Step 2: Curriculum Agent—Generate Tasks at Appropriate Difficulty.

class CurriculumAgent:
    """
    Generates tasks calibrated to executor's current capability level.
    """
    def __init__(self, base_llm, problem_domain):
        self.base_llm = base_llm
        self.problem_domain = problem_domain
        self.generated_tasks = []
        self.difficulty_progression = []

    def propose_task(self, executor_level):
        """
        Generate a new task at difficulty matching executor's level.
        executor_level: str in [easy, medium, hard]
        """
        # Construct prompt for curriculum agent
        prompt = f"""
        Problem domain: {self.problem_domain.domain_name}
        Current executor capability level: {executor_level}

        Available tools:
        {self.problem_domain.get_tool_descriptions()}

        Generate a novel task that:
        - Requires {executor_level} reasoning/problem-solving
        - Ideally involves {self._select_tool_for_level(executor_level)} tool
        - Is different from previously generated tasks:
        {self._format_task_history()}

        Format: JSON with keys: task, tool_hint, expected_approach
        """

        # Generate task
        task_json = self.base_llm(prompt)
        task = json.loads(task_json)

        self.generated_tasks.append(task)
        return task

    def escalate_difficulty(self, executor_success_rate):
        """
        Adjust difficulty based on executor's success rate.
        Higher success rate → harder tasks; lower rate → easier tasks.
        """
        if executor_success_rate > 0.8:
            # Executor is proficient at current level
            if self.problem_domain.capability_level == 'easy':
                self.problem_domain.capability_level = 'medium'
            elif self.problem_domain.capability_level == 'medium':
                self.problem_domain.capability_level = 'hard'
        elif executor_success_rate < 0.5:
            # Executor struggling; reduce difficulty
            if self.problem_domain.capability_level == 'hard':
                self.problem_domain.capability_level = 'medium'
            elif self.problem_domain.capability_level == 'medium':
                self.problem_domain.capability_level = 'easy'

    def _select_tool_for_level(self, level):
        """Select tool appropriate for difficulty level."""
        if level == 'easy':
            return 'basic_calculator'
        elif level == 'medium':
            return 'python_interpreter'
        else:
            return 'complex_reasoning_tools'

    def _format_task_history(self):
        """Return recent tasks to encourage diversity."""
        recent = self.generated_tasks[-5:]
        return "\n".join([f"- {t['task']}" for t in recent])

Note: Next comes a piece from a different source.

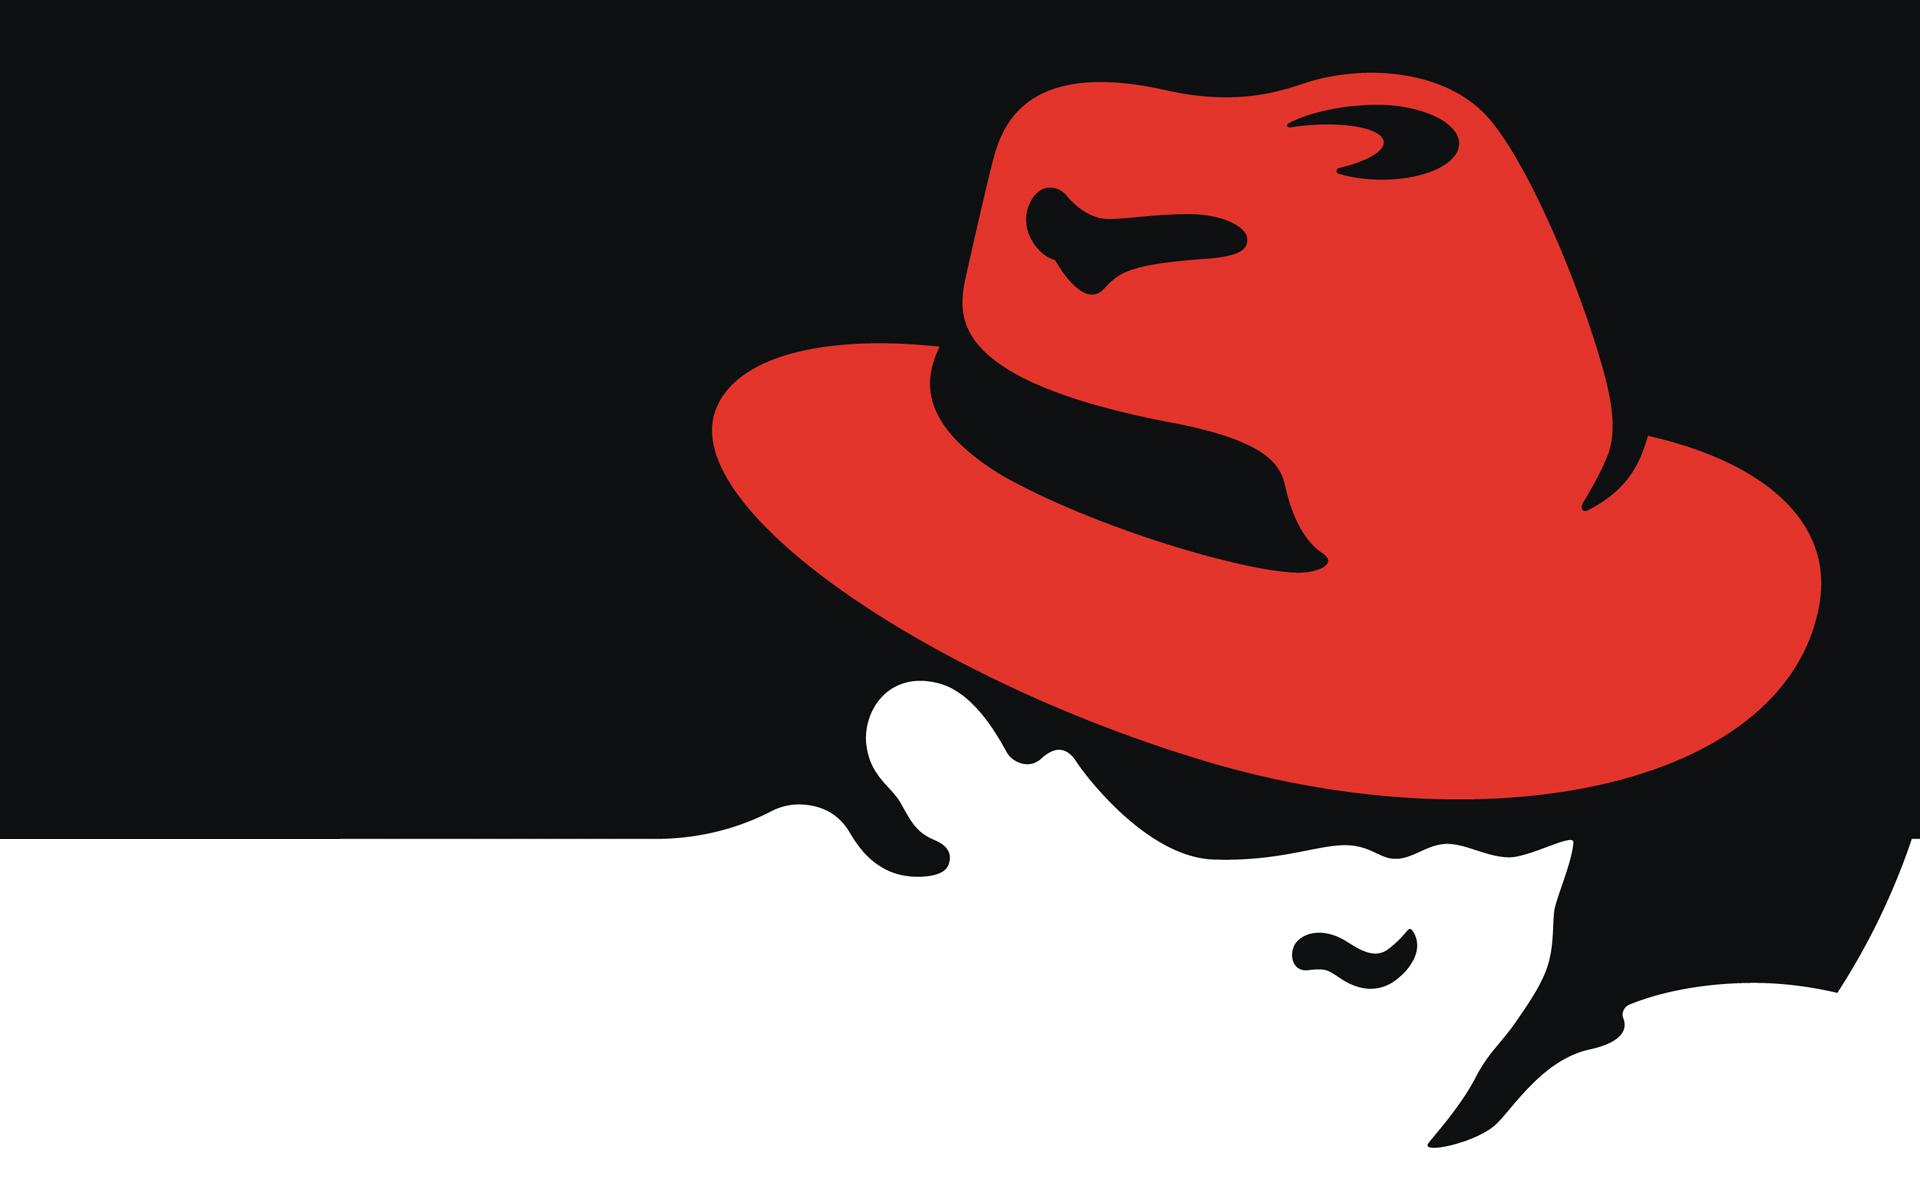 D2SI_Blog_Image_Linux-RedHat

Step 3: Executor Agent—Learn to Solve Curriculum Tasks.

class ExecutorAgent:
    """
    Solves curriculum-generated tasks via RL.
    Learns to integrate tools and build solving strategies.
    """
    def __init__(self, base_llm, problem_domain, learning_rate=1e-5):
        self.base_llm = base_llm
        self.problem_domain = problem_domain
        self.success_history = []
        self.tool_usage_patterns = {}
        self.optimizer = torch.optim.AdamW(base_llm.parameters(), lr=learning_rate)

    def solve_task(self, task, max_steps=10):
        """
        Attempt to solve task; collect trajectory for RL.
        Returns: (solution, trajectory, reward)
        """
        trajectory = []
        solution_steps = []

        # Initialize context
        context = f"Task: {task['task']}\nAvailable tools: {self.problem_domain.get_tool_descriptions()}"

        for step in range(max_steps):
            # Agent decides next action
            action_prompt = context + f"\nCurrent progress: {solution_steps}\n\nNext action:"

            action = self.base_llm.generate(action_prompt, max_tokens=100)
            solution_steps.append(action)

            # Parse action (is it a tool call or final answer?)
            if self._is_tool_invocation(action):
                tool_name, tool_args = self._parse_tool_call(action)

                # Execute tool
                tool_fn = self.problem_domain.tools[tool_name]['fn']
                tool_result = tool_fn(tool_args)

                # Track tool usage
                self.tool_usage_patterns[tool_name] = self.tool_usage_patterns.get(tool_name, 0) + 1

                # Update context
                context += f"\n[Tool: {tool_name}]\nResult: {tool_result}"

                trajectory.append({
                    'action': action,
                    'tool': tool_name,
                    'result': tool_result,
                    'step': step
                })

            elif self._is_final_answer(action):
                solution = self._extract_answer(action)

                # Evaluate
                is_correct, score = self.problem_domain.evaluate_solution(task, solution)

                trajectory.append({
                    'action': action,
                    'is_final': True,
                    'solution': solution,
                    'reward': 1.0 if is_correct else 0.0
                })

                return solution, trajectory, 1.0 if is_correct else 0.0

        # Max steps reached without solution
        return None, trajectory, 0.0

    def learn_from_trajectory(self, trajectory, reward):
        """
        Update executor via RL (policy gradient).
        """
        # Compute returns (discounted cumulative reward)
        returns = []
        g = 0
        for step in reversed(trajectory):
            g = step.get('reward', 0) + 0.99 * g
            returns.insert(0, g)

        returns = torch.tensor(returns)

        # Policy gradient: maximize log-prob of actions that led to high returns
        policy_loss = 0
        for i, step in enumerate(trajectory):
            # Get log probability of this action
            action_log_prob = self._compute_log_prob(step['action'])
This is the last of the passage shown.